Generates abstractive summaries of news-articles related to top-trending topics on twitter.

Primary LanguagePython

content_gen tracks the top news trends and generates a summary of related news articles.

The top trending topics are extracted with the help of twitter's api. For each trending topic, highest similarity news articles from google news website are parsed and translated. The corresponding summaries of articles and key-words are generated with the help of tf-idf.

INSTALLATION:

  1. Install Anaconda Python 2.7 64 bit distribution Link: http://continuum.io/downloads#all

  2. Clone to your desktop

    git clone https://github.com/abhigenie92/content_gen
    
    
  3. Install dependencies

    sudo apt-get install libxslt-devel libxml2-devel gcc
    
  4. cd into this folder and run the following command from terminal

    cd content_gen
    python -m pip install -r requirements.txt
    
  5. Install nltk libraries.

    python import nltk; nltk.download()
    
  6. Run the main.py file.

    python main.py
    

OUTPUT:

The output is appended in "\posts\content.json"
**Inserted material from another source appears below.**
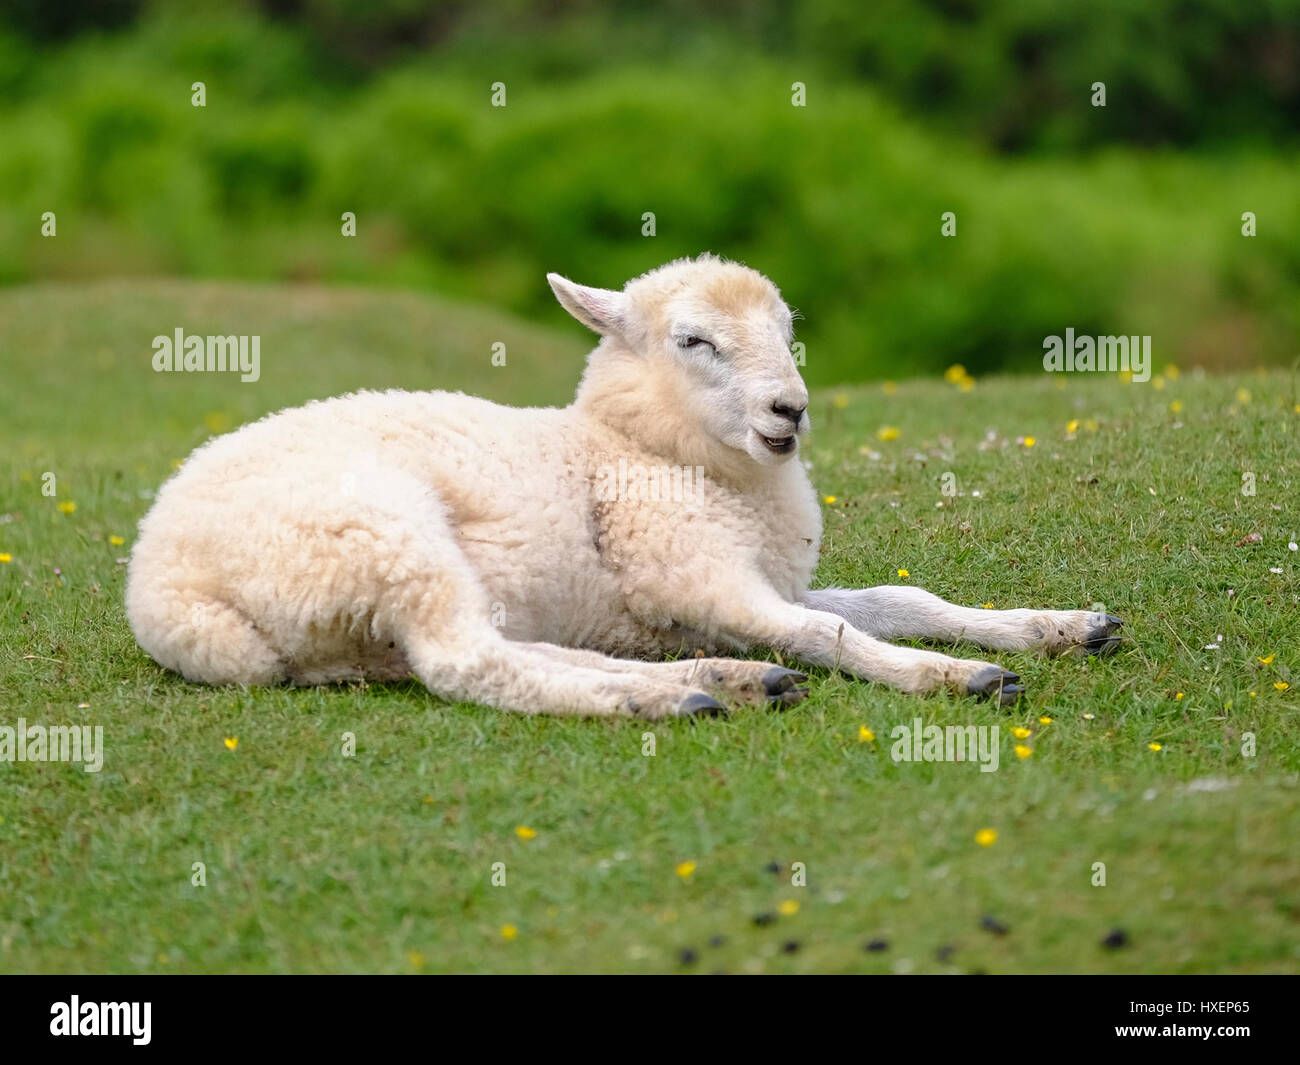 Sheep relaxing in a field on the Gower Peninsula, South Wales (UK) Stock Photo

{'title': <title of post>, 'description': <summary of given no. of lines>, 'dateCreated': <date of creation>, 'categories': <categories of post>, 'mt_keywords': <keywords of the post>}

OTHERS:

  1. The script has an option of making it run inifinitely. It will keep checking if a new trend is available and it will posts only if there is. Uncomment lines 259-264
  2. The script is limited by twitter's rate limit and sleeps in btw till satisified.